Content starts

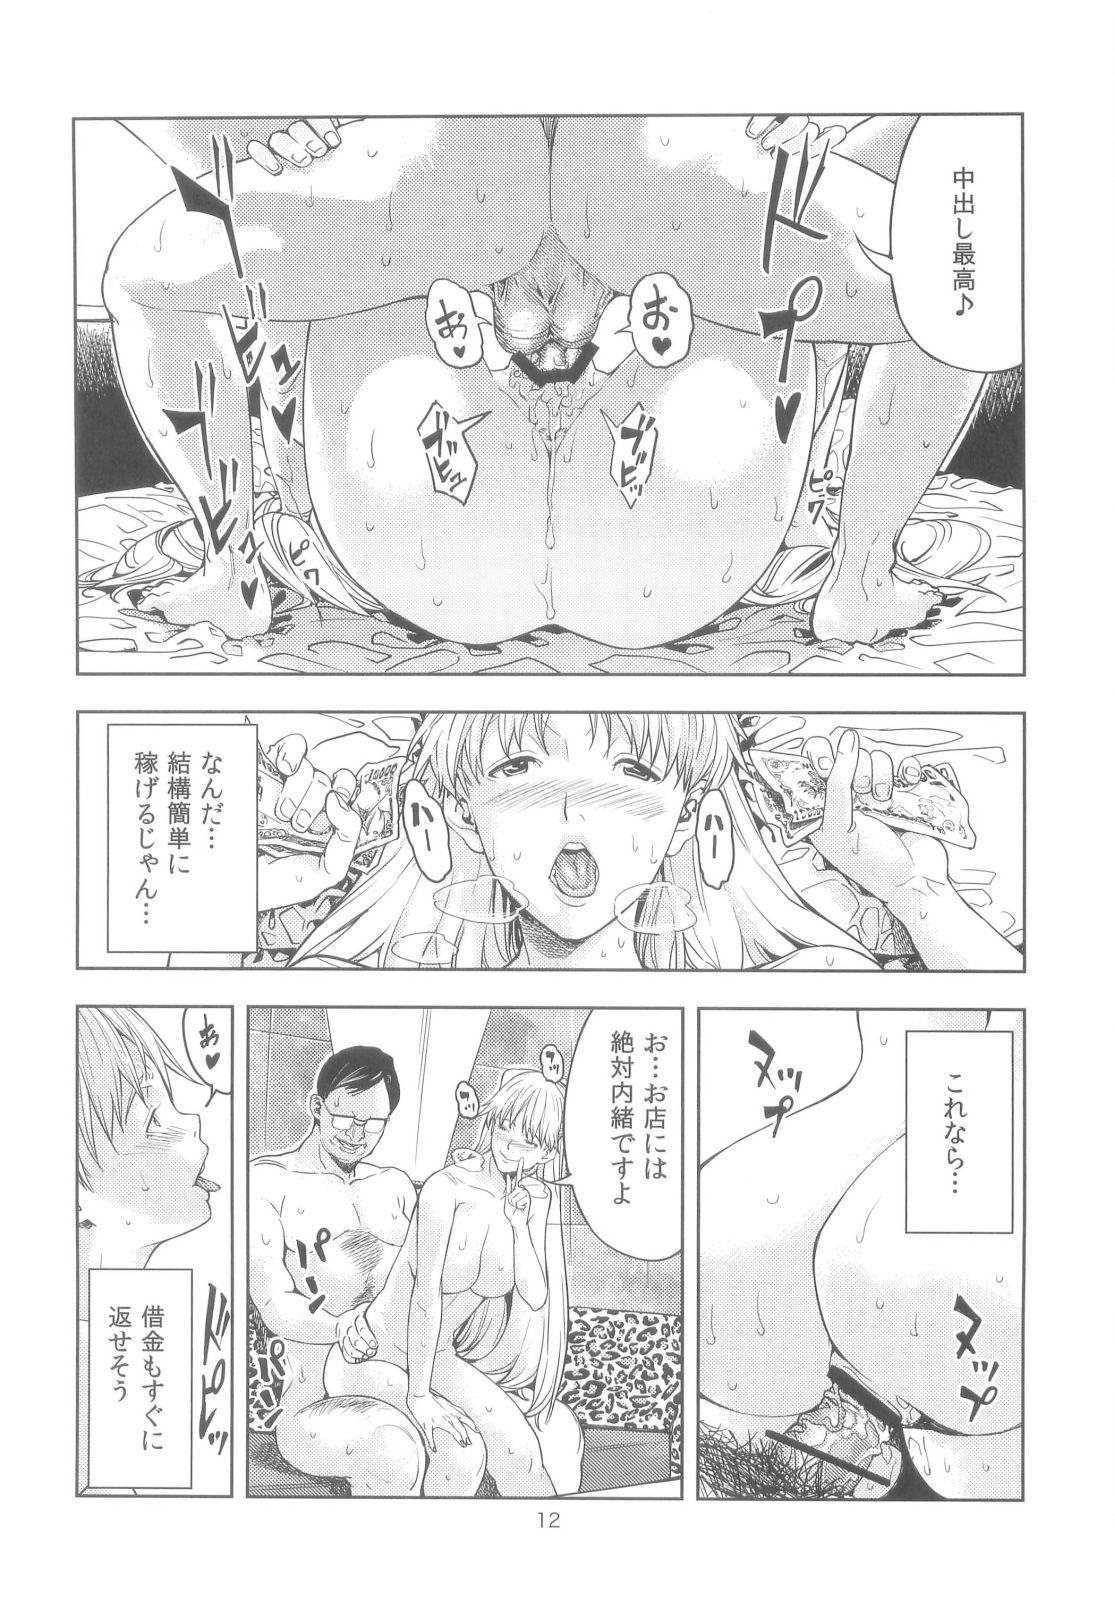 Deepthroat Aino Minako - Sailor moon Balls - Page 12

Content ends
Content starts

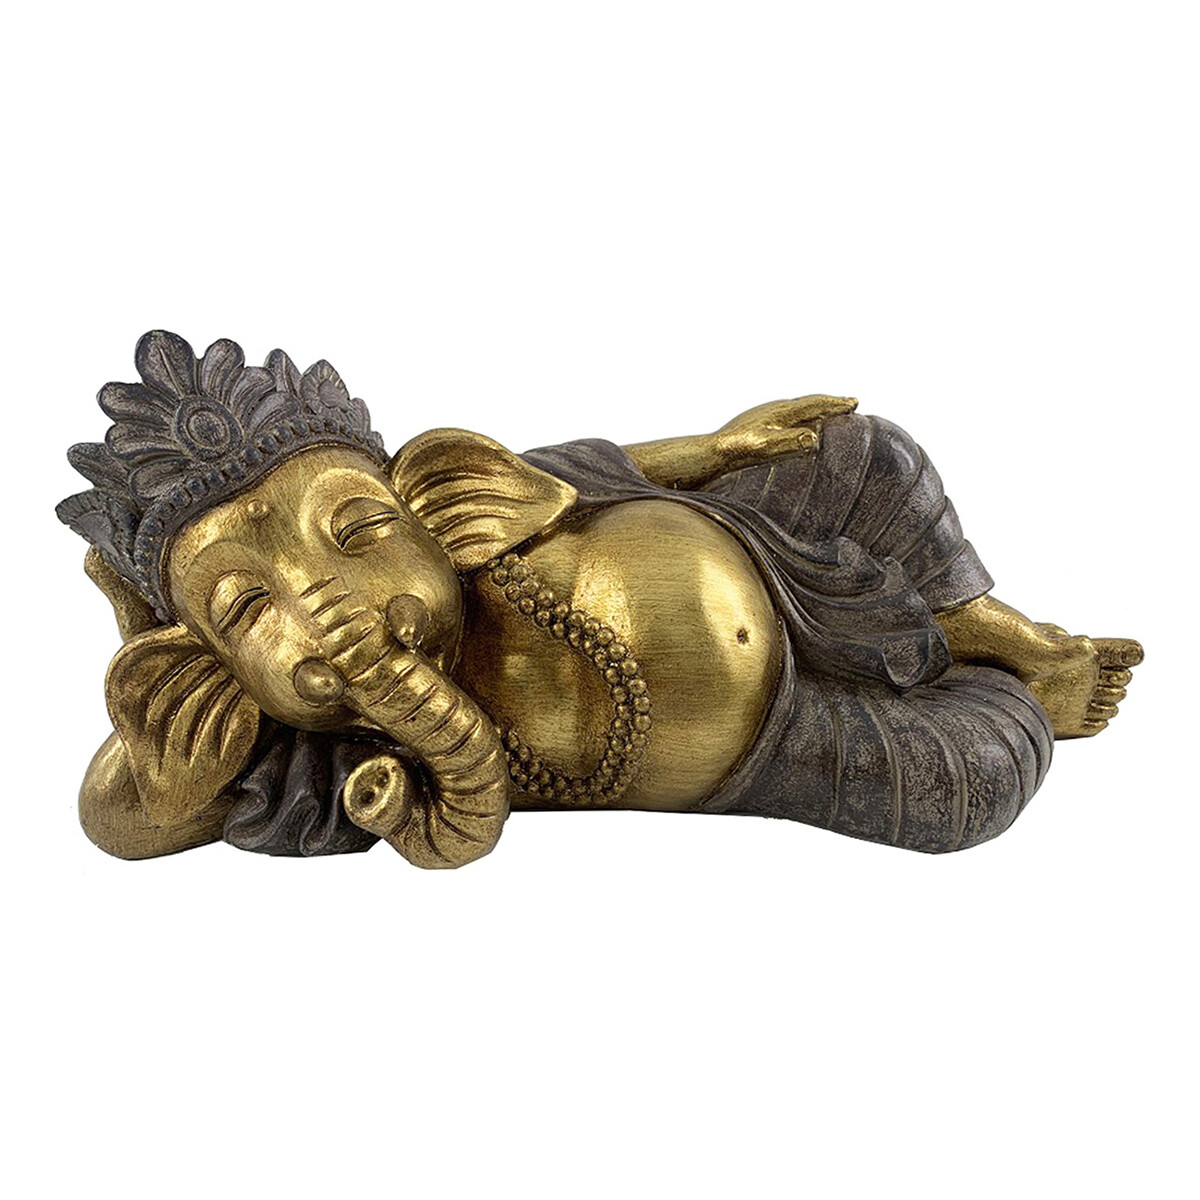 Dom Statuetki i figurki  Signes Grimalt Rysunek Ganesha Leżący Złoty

Content ends
Content starts

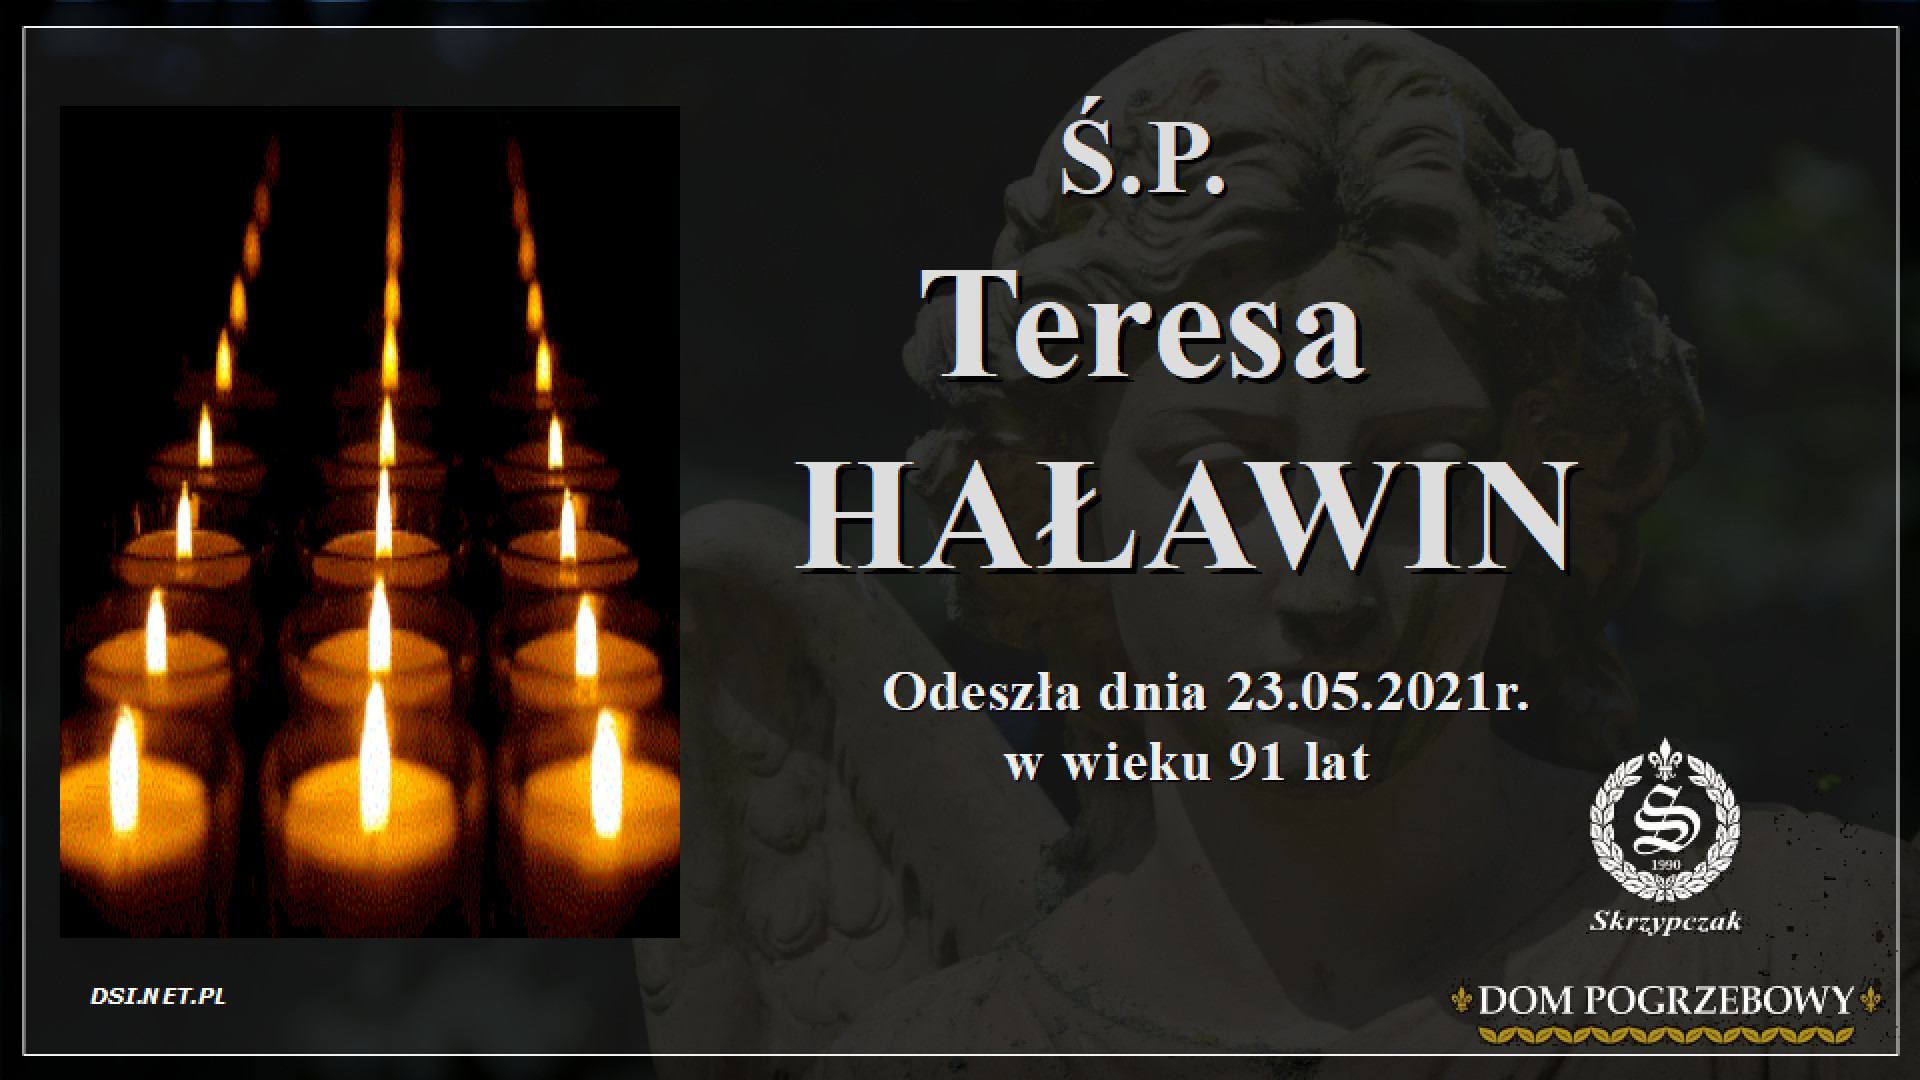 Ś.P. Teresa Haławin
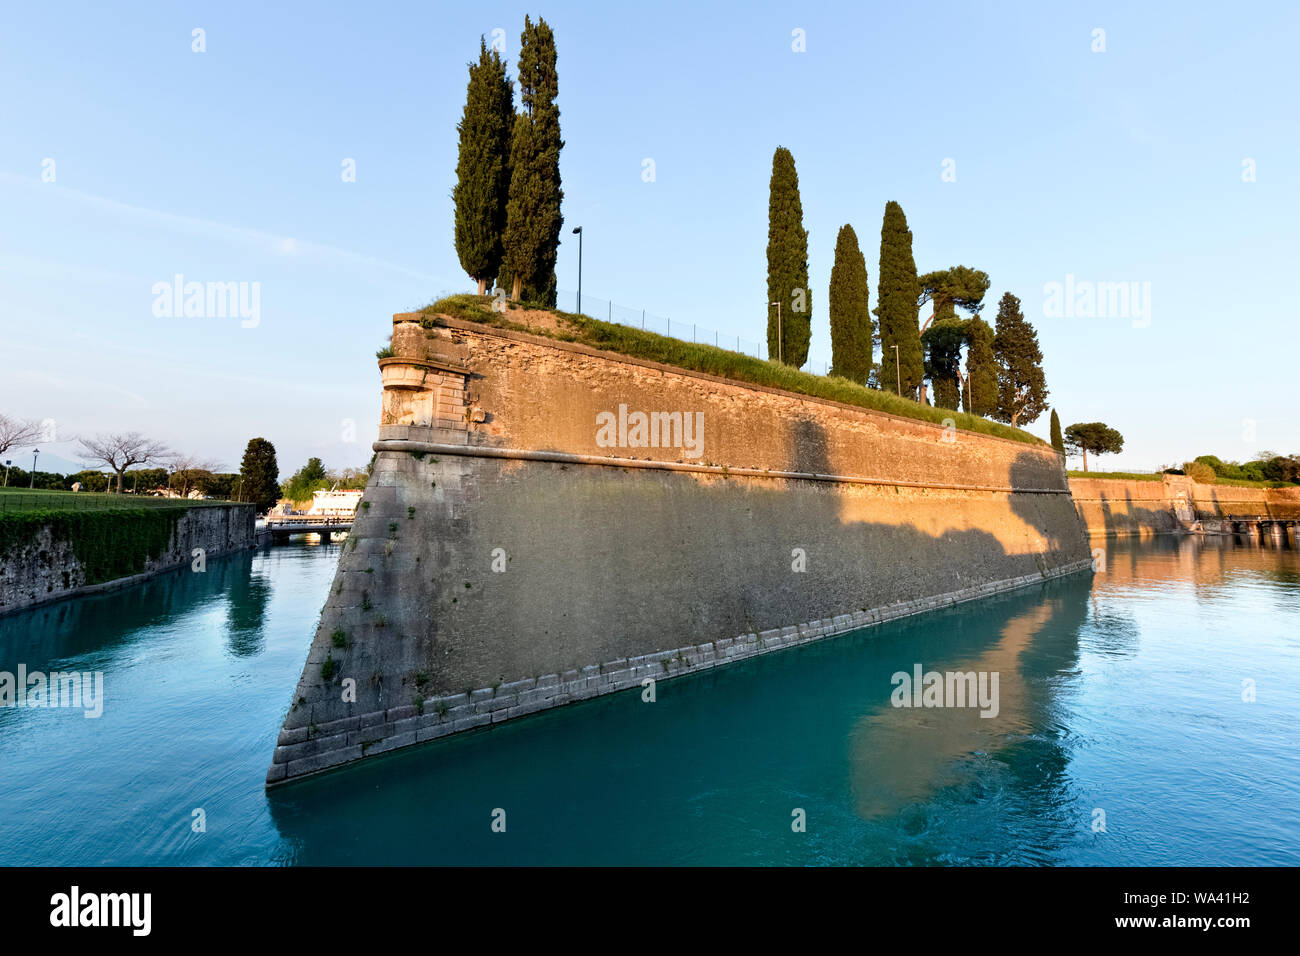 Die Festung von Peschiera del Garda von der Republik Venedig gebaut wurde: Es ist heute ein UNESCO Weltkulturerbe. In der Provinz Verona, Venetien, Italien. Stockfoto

Content ends

What do the entries above read from the line containing "Ś.P. Teresa Haławin" through the line containing "Die Festung von"? Output those lines exactly, both ends included, with the pictures left out.

 Ś.P. Teresa Haławin
 Die Festung von Peschiera del Garda von der Republik Venedig gebaut wurde: Es ist heute ein UNESCO Weltkulturerbe. In der Provinz Verona, Venetien, Italien. Stockfoto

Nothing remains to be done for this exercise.